My main farming enterprise was focused on making grape-based wine but it was proving to be a long hard slog to get the 2 acres of production required to apply for a mini-winery license. The prospects for selling grape wine from the farm were too far into the future with alot of unpaid work in between. I'm not getting any younger and can't afford to keep doing farming for exercise. What to do? It is hard to fully pivot from 1.70 acres of planted grapes vines even if you are making unsaleable wine from them every year.

Where the wild blueberry fields are located is near a place where a good buddy of mine has a cabin. I grew up in a nearby village so I've been traveling these remote back roads since my childhood. My buddy took me up to the upper blueberry field where he likes to watch the sunset. Wow!

Local wild blueberry prices have been in the toilet for the last few years. Many blueberry growers are not harvesting/maintaining their fields and are selling unique agricultural land cheaper that it might otherwise sell for. I was offered a deal I couldn't refuse to acquire the largest parcel.

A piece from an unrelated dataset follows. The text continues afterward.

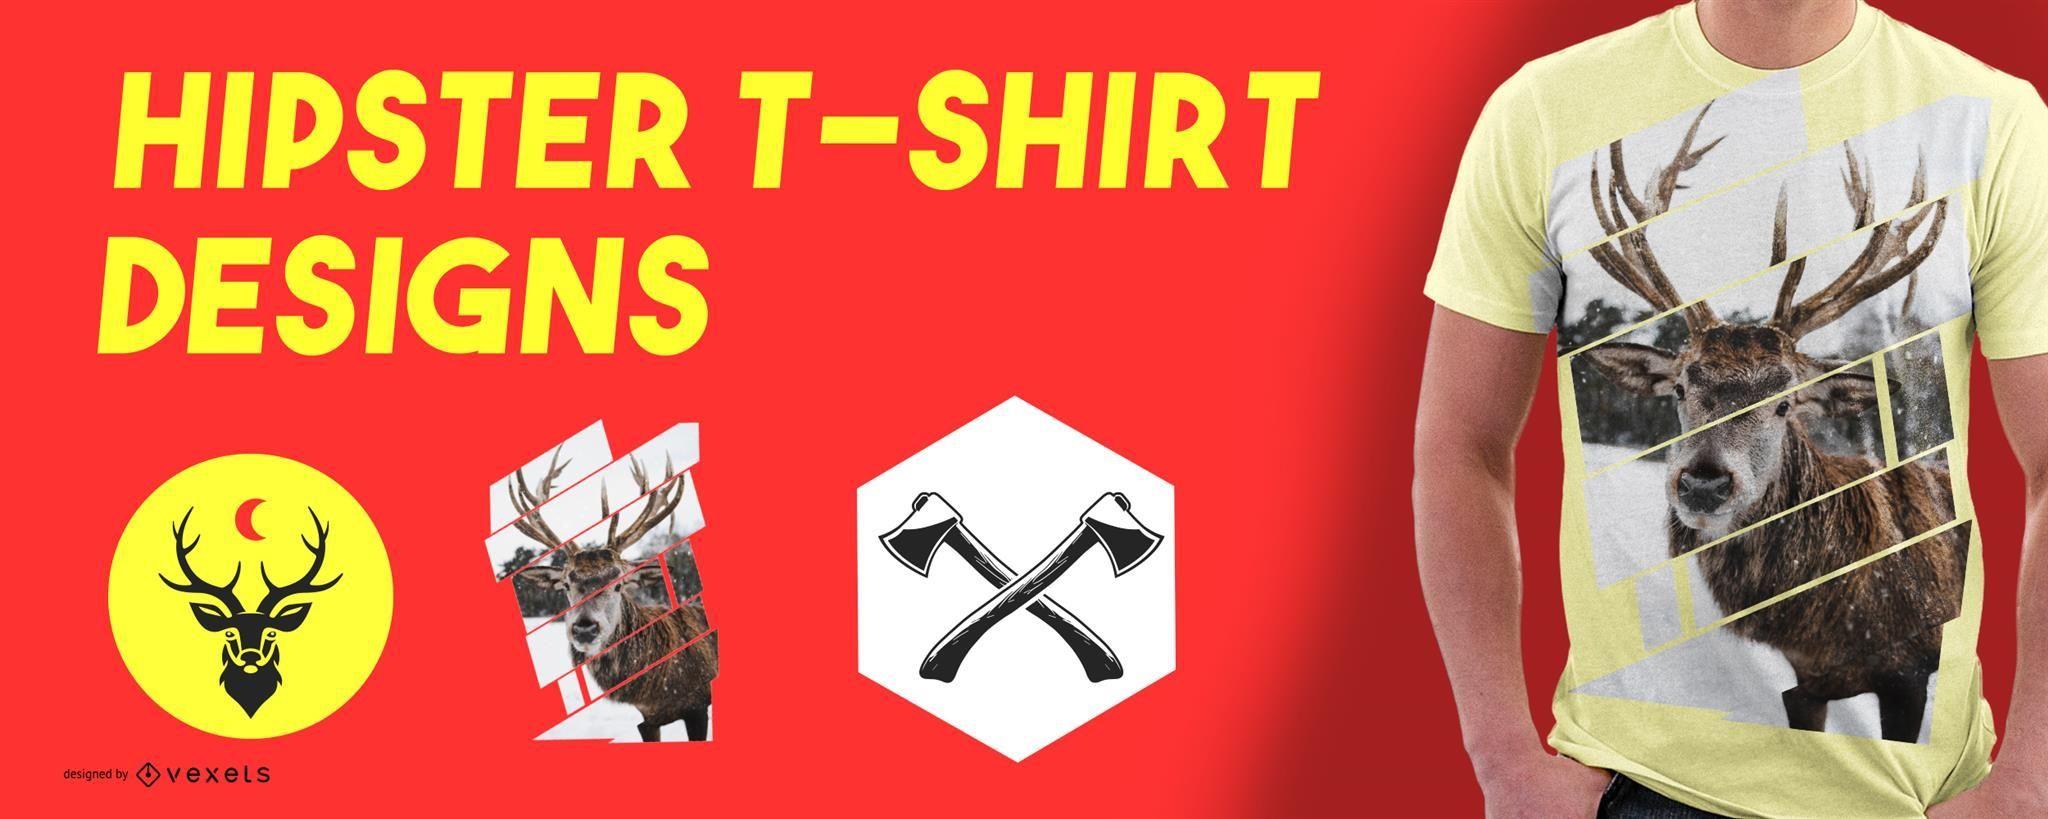 Conjunto de dise?o de camiseta de elementos hipster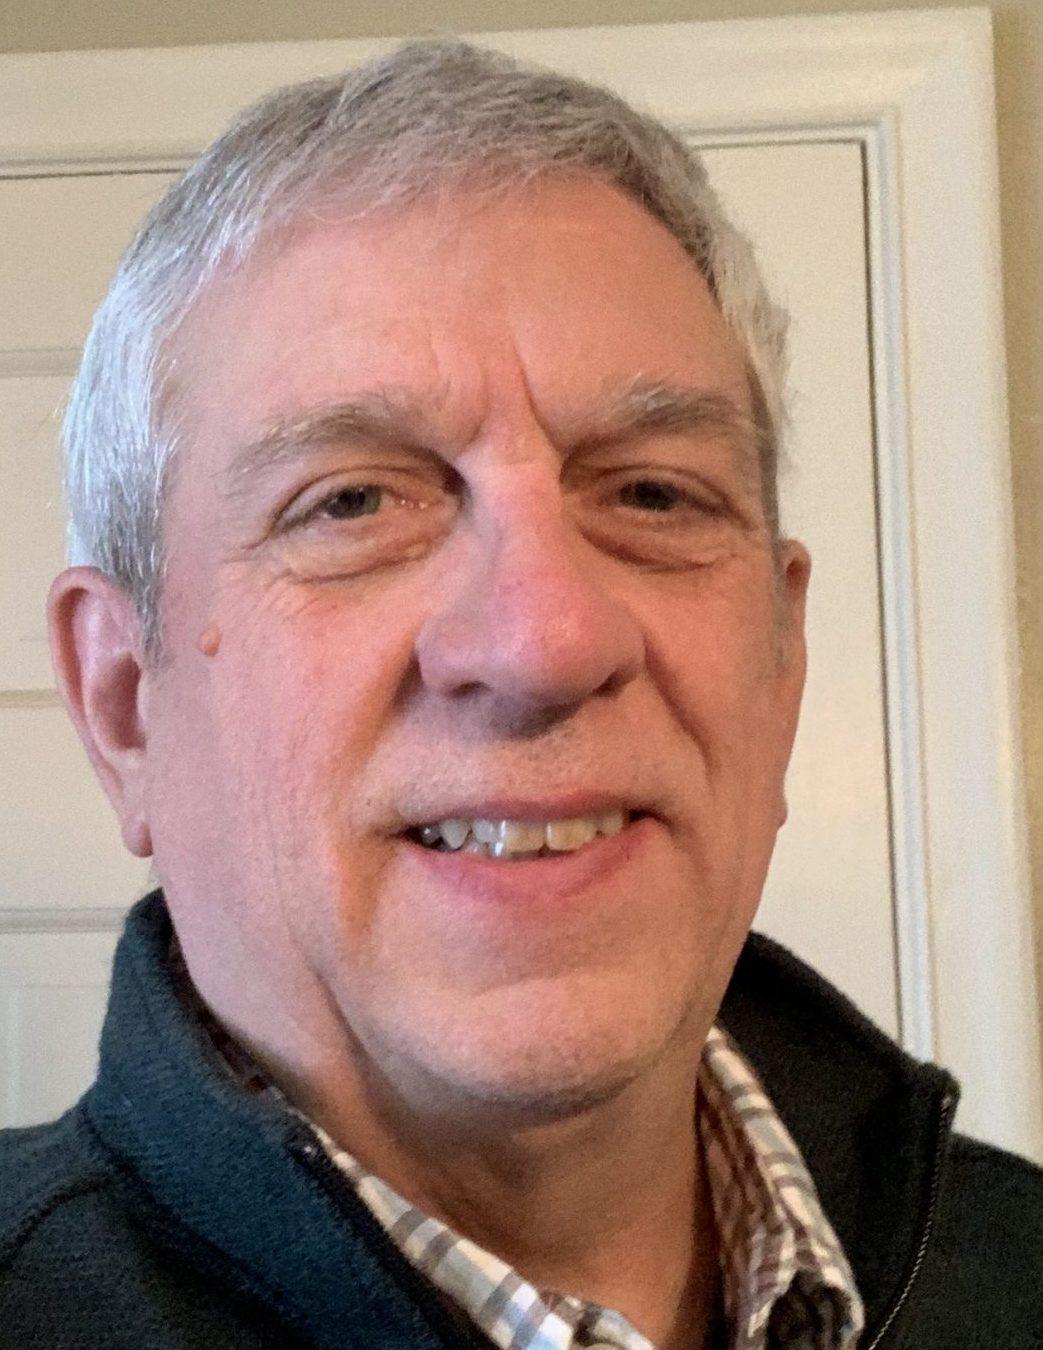 Mark Whittaker Digital Marketer

Before we started acquiring more land last year our farm was 61 acres in size. It is now around 190 acres in size. A 3x scaling. What growing the acreage of the farm does for me is give me hope that the farm has a plausible chance of breaking even in the near future. The 14 acres of wild blueberries on it gives me that hope. This allows me to apply for a non-grape winery license because I have more than 2 acres of non-grape crop in production. I intend to make the argument that my grape berries are for blending and can also be used to make my wine. I have 30 carboys of wine brewing from last year's harvest. I am trying to determine which blueberry/grape blends might be the ones to scale up in next year's wine making.

The point of telling my personal investment story is to make the idea of remote land investing more complex and textured. It is not just about dollars and cents. In my case it resolved the issue of making a necessary pivot away from grape-based winemaking while not totally walking away from a sunk investment. The peace of mind that resolution gave me was priceless. I don't have to declare the farm startup a failure just yet. The sales taxes we spent to acquire the land will be coming back to the farm because it is "losing money" so that will help when tax season comes this year. Finally, I do think the price of lowbush blueberries will go up again and people will begin paying more for land with this incredible agricultural resource on it. Real estate prices in the nearby rural villages and towns are going up and could spread into the more remote areas we now own. My strategy for most of the acreage is to hold and improve and see what happens. I do want to dabble in developing some permaculture inspired vacant lots for sale.

Here is a video of the blueberries used to make my 2018 vintage blueberry wines. A light phenomenon known as golden hour appears to kick in at the end of this video.

Black bears (Ursus americanus) also like wild lowbush blueberries (Vaccinium angustifolium) and may be a significant source of manure in the fields. I was in my truck when I encountered this black bear. This photo was from 2013 and was the last time I saw a black bear. I do see fresh scat in the blueberry fields so they are around. I intend to continue sharing the blueberry bounty with my wildlife neighbors.

black bear

Below are a couple of videos by the Pretty Archie band that I've been keeping my eye on. I had a chance to see them performing recently. Great show. I'm listening to alot of their music lately. Poor Boy is a bluegrassy song about having no money and the joy of drinking homemade wine with your girl. Also the pain of losing your girl because of the homemade wine.

Hardwood Floors is another song from the same recording session that is also worth a listen.